We can also perform this test manually by running a t-test. We will use the OKCupid data for this example.
cupid <- read.csv("http://cknudson.com/data/OKCupid.csv")
attach(cupid)
head(cupid)
## Sex Height IdealMateHeight Age
## 1 F 59 66 28
## 2 F 60 70 36
## 3 F 60 70 39
## 4 F 60 72 26
## 5 F 60 72 30
## 6 F 61 65 26
We will perform forward selection this time, so we start with a simple model.
cmod1 <- lm(IdealMateHeight ~ Sex)
summary(cmod1)
##
## Call:
## lm(formula = IdealMateHeight ~ Sex)
##
## Residuals:
## Min 1Q Median 3Q Max
## -6.147 -1.697 0.303 1.303 6.303
##
## Coefficients:
## Estimate Std. Error t value Pr(>|t|)
## (Intercept) 71.1471 0.3164 224.88 <2e-16 ***
## SexM -5.4501 0.4508 -12.09 <2e-16 ***
## ---
## Signif. codes: 0 '***' 0.001 '**' 0.01 '*' 0.05 '.' 0.1 ' ' 1
##
## Residual standard error: 2.609 on 132 degrees of freedom
## Multiple R-squared: 0.5255, Adjusted R-squared: 0.5219
## F-statistic: 146.2 on 1 and 132 DF, p-value: < 2.2e-16
With this simple model, we have a very small p-value for our t-test (2.2*10-16), so sex is a good indicator of ideal mate height. We will now add height to our model as another predictor.

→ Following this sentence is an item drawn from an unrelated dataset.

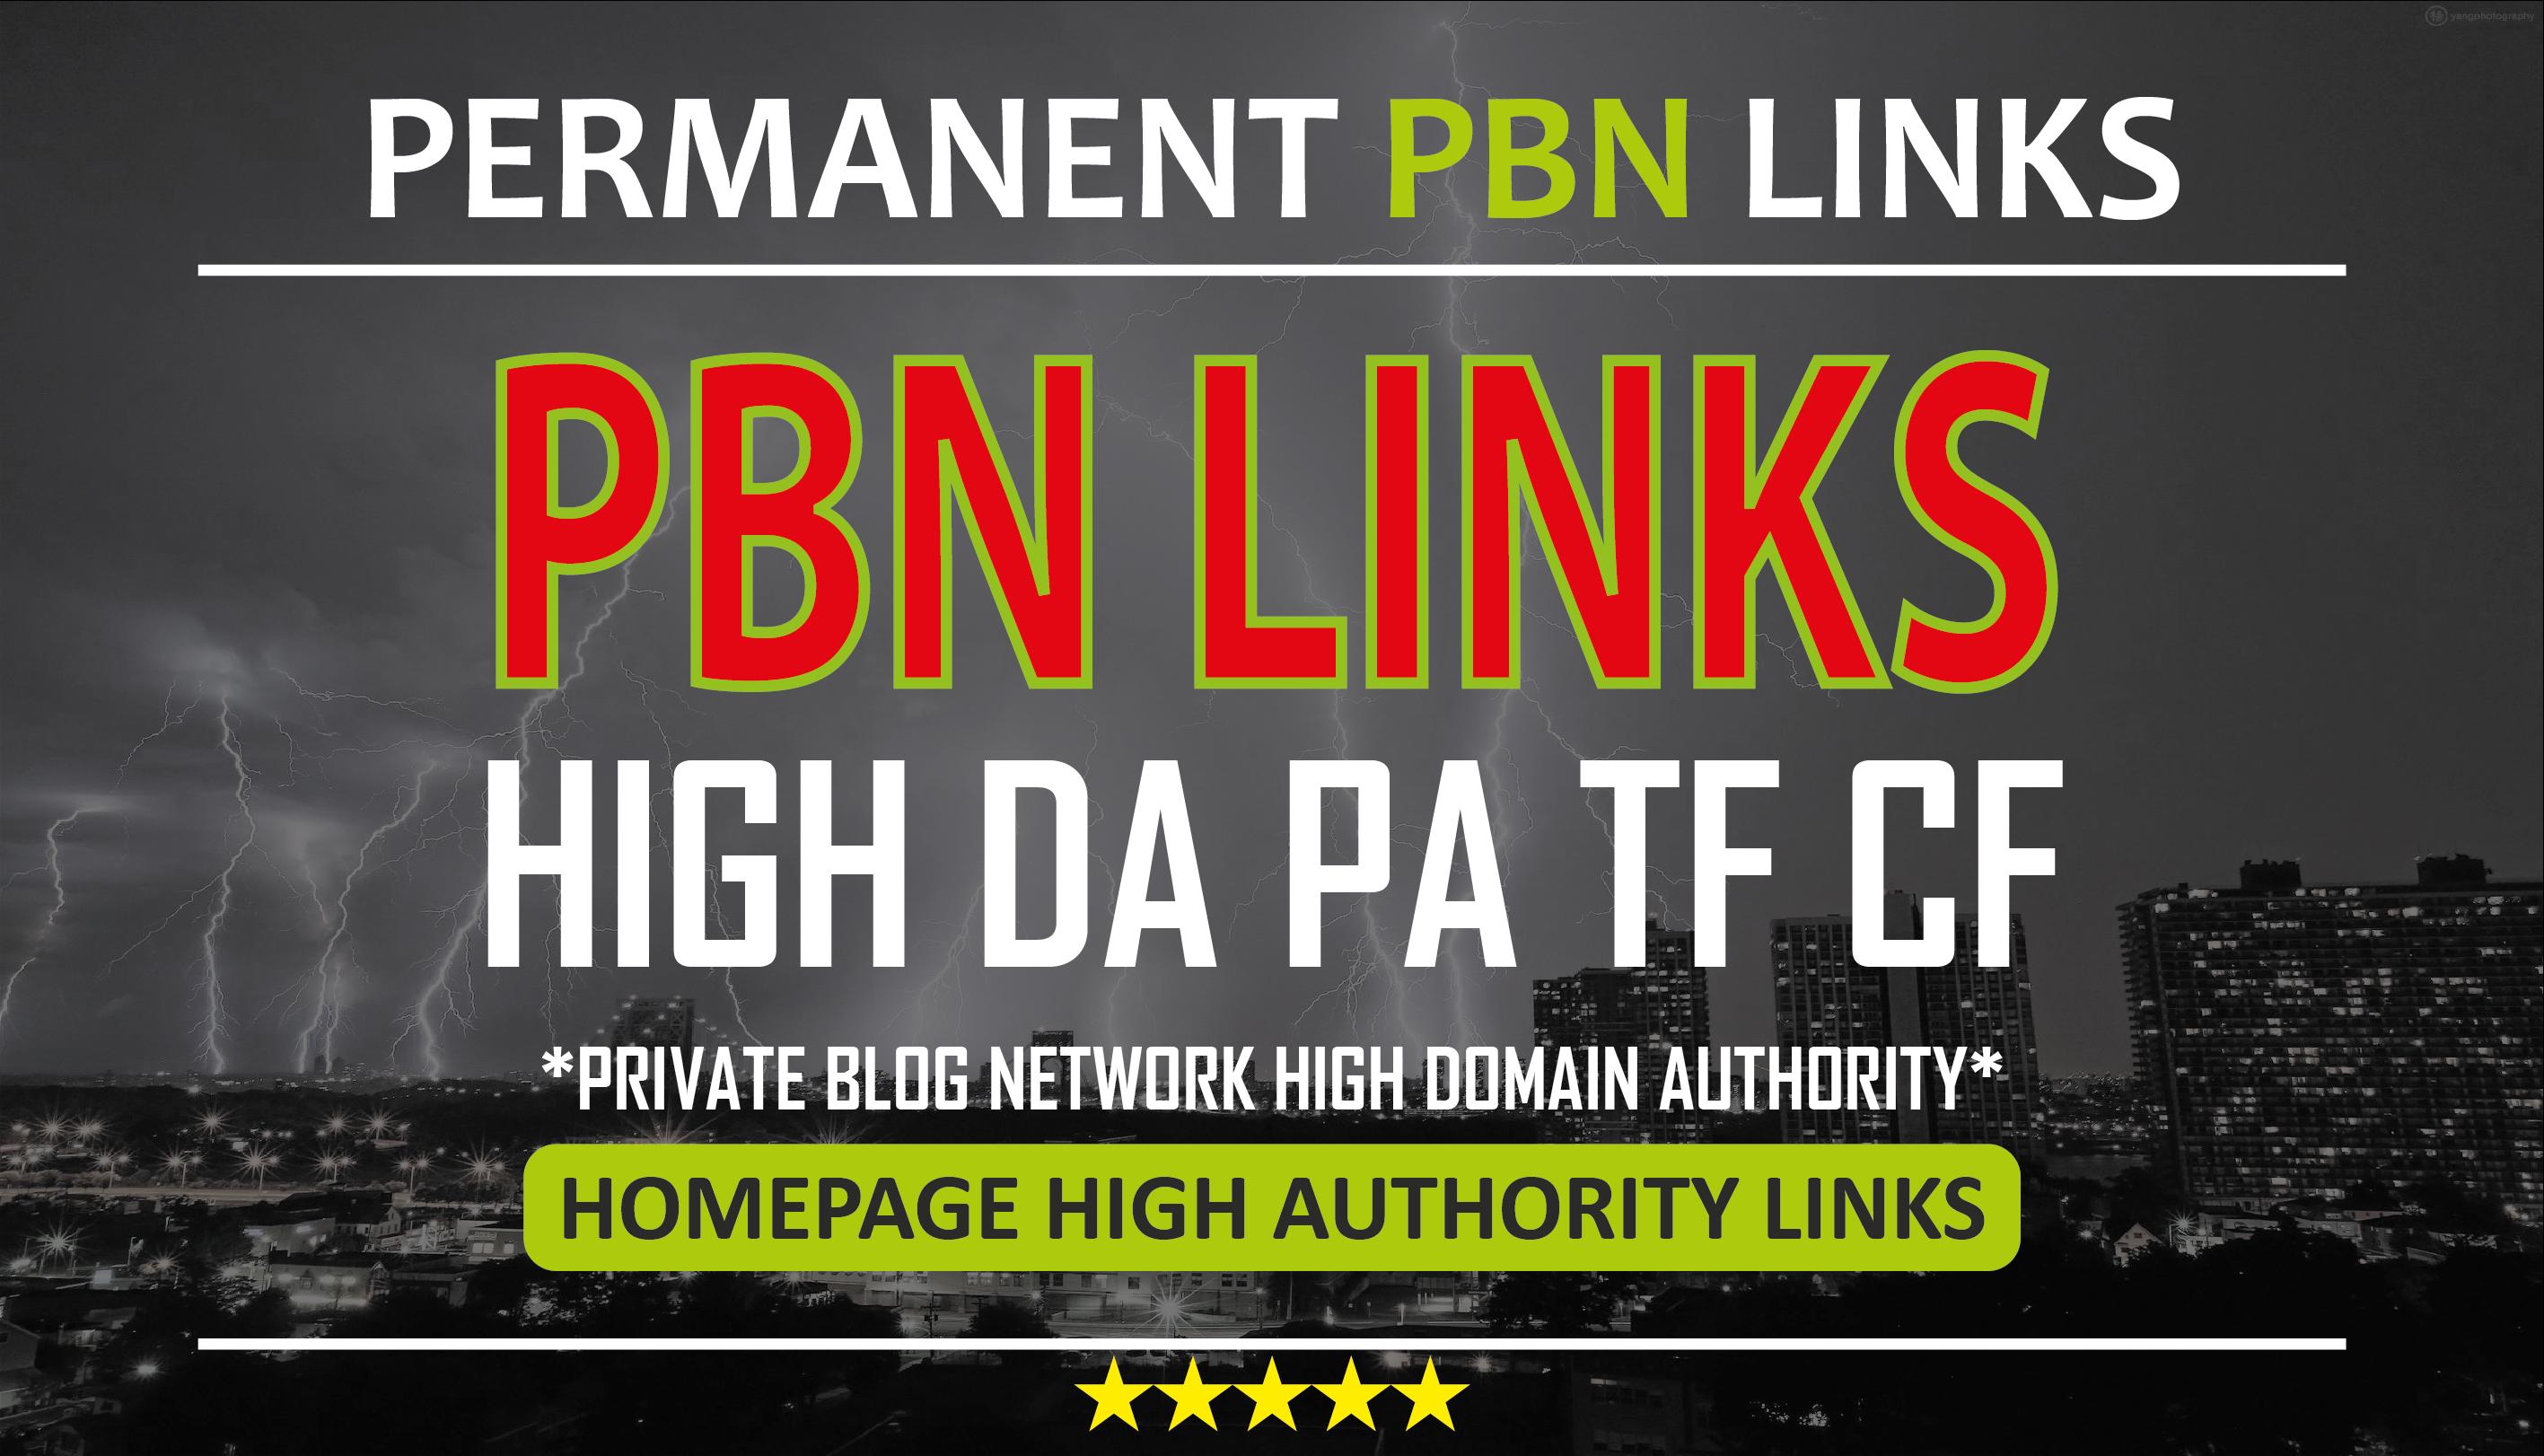 Create 10 High DA PA TF CF HomePage Dofollow PBN Backlinks

cmod2 <- lm(IdealMateHeight ~ Sex + Height)
summary(cmod2)
##
## Call:
## lm(formula = IdealMateHeight ~ Sex + Height)
##
## Residuals:
## Min 1Q Median 3Q Max
## -5.1770 -1.2642 0.2219 1.2602 5.3020
##
## Coefficients:
## Estimate Std. Error t value Pr(>|t|)
## (Intercept) 39.2456 3.9171 10.019 < 2e-16 ***
## SexM -8.5383 0.5281 -16.168 < 2e-16 ***
## Height 0.4930 0.0604 8.162 2.38e-13 ***
## ---
## Signif. codes: 0 '***' 0.001 '**' 0.01 '*' 0.05 '.' 0.1 ' ' 1
##
## Residual standard error: 2.132 on 131 degrees of freedom
## Multiple R-squared: 0.6854, Adjusted R-squared: 0.6806
## F-statistic: 142.7 on 2 and 131 DF, p-value: < 2.2e-16
Because we still have a small p-value (2.38*10-13) for our t-test, we can see that height is also a good predictor of ideal mate height. We will now add our last predictor, age.

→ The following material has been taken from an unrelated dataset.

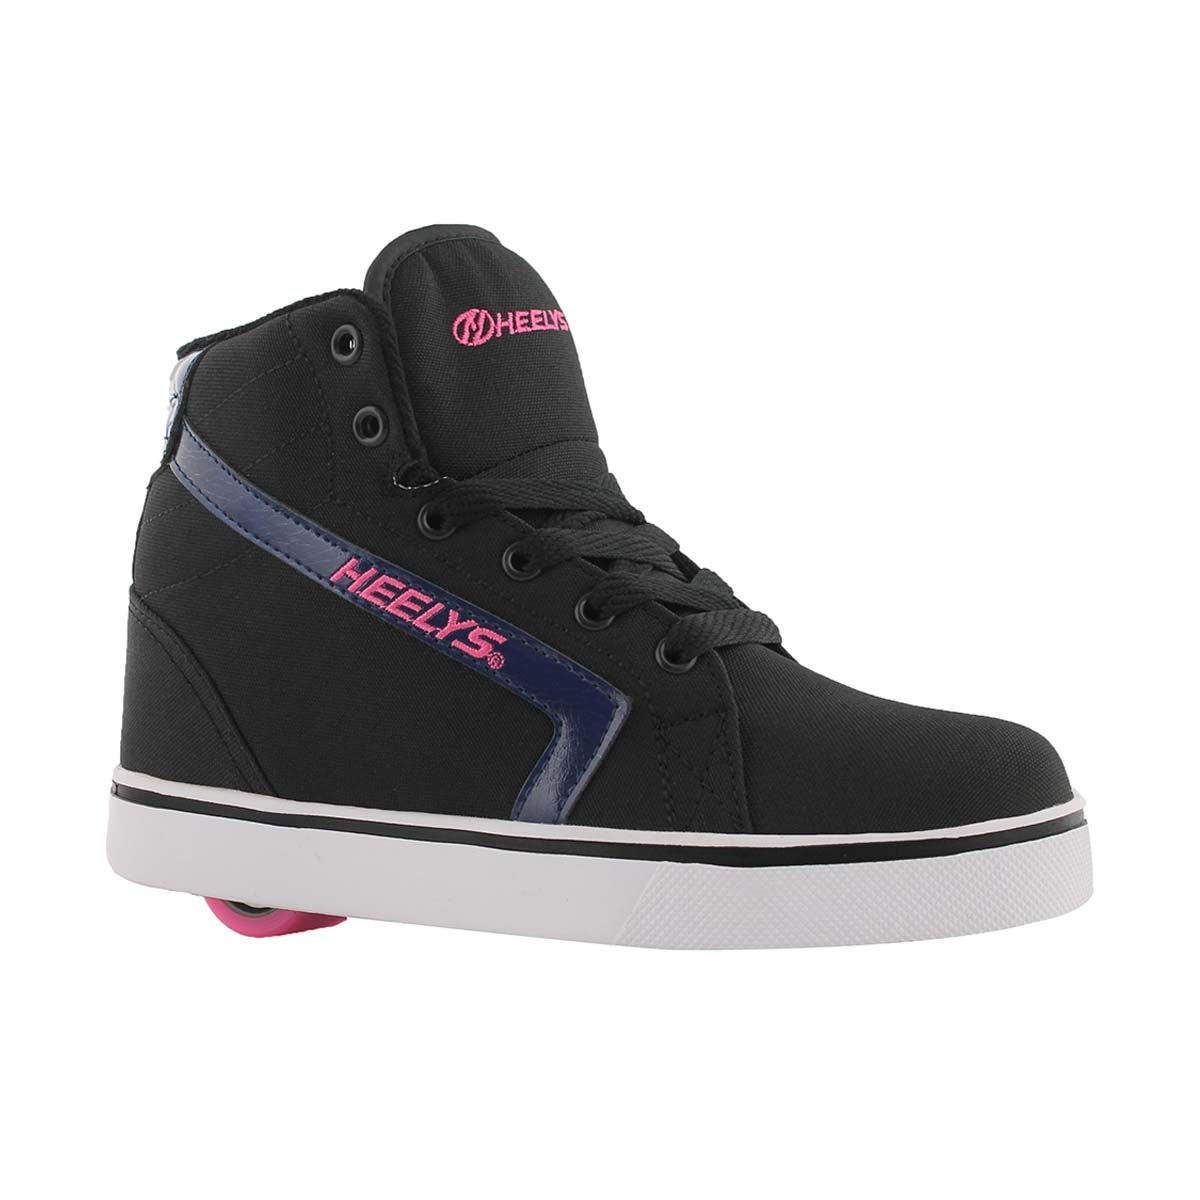 Girls' Gr8r HI black/pink skate sneakers

cmod3 <- lm(IdealMateHeight ~ Sex + Height + Age)
summary(cmod3)
##
## Call:
## lm(formula = IdealMateHeight ~ Sex + Height + Age)
##
## Residuals:
## Min 1Q Median 3Q Max
## -5.1639 -1.2728 0.2494 1.3221 5.2108
##
## Coefficients:
## Estimate Std. Error t value Pr(>|t|)
## (Intercept) 39.65668 4.14920 9.558 < 2e-16 ***
## SexM -8.54402 0.53027 -16.113 < 2e-16 ***
## Height 0.49372 0.06066 8.140 2.8e-13 ***
## Age -0.01520 0.04913 -0.309 0.758
## ---
## Signif. codes: 0 '***' 0.001 '**' 0.01 '*' 0.05 '.' 0.1 ' ' 1
##
## Residual standard error: 2.14 on 130 degrees of freedom
## Multiple R-squared: 0.6857, Adjusted R-squared: 0.6784
## F-statistic: 94.52 on 3 and 130 DF, p-value: < 2.2e-16
Our p-value for age is large, so it is not a good predictor of ideal mate height.

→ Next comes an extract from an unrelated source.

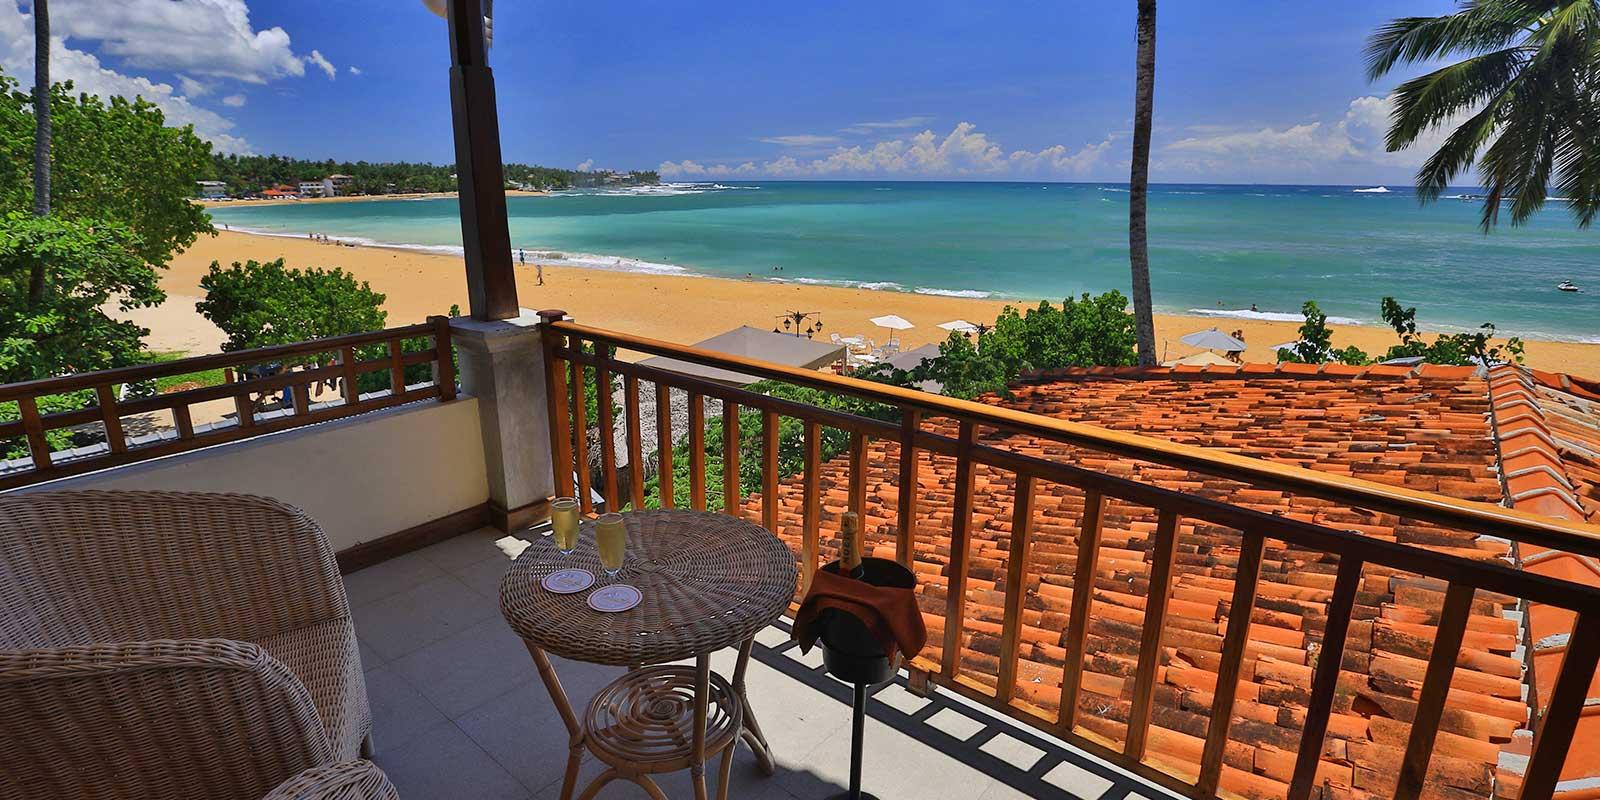 Hotels in Unawatuna | Unawatuna Thaproban Beach House | Unawatuna Thaproban Beach House Hotel

We could have also performed AIC tests manually for all of these three models:
AIC(cmod1)
## [1] 641.2577
AIC(cmod2)
## [1] 588.1644
AIC(cmod3)
## [1] 590.0658
As we can see, adding height made our AIC go down, which is a good thing, but adding age to the model caused it to increase, which we do not want.
In general, we would rather have a simple model, so our rule of thumb is that we need an AIC drop of at least 10 to justify using a more complicated model.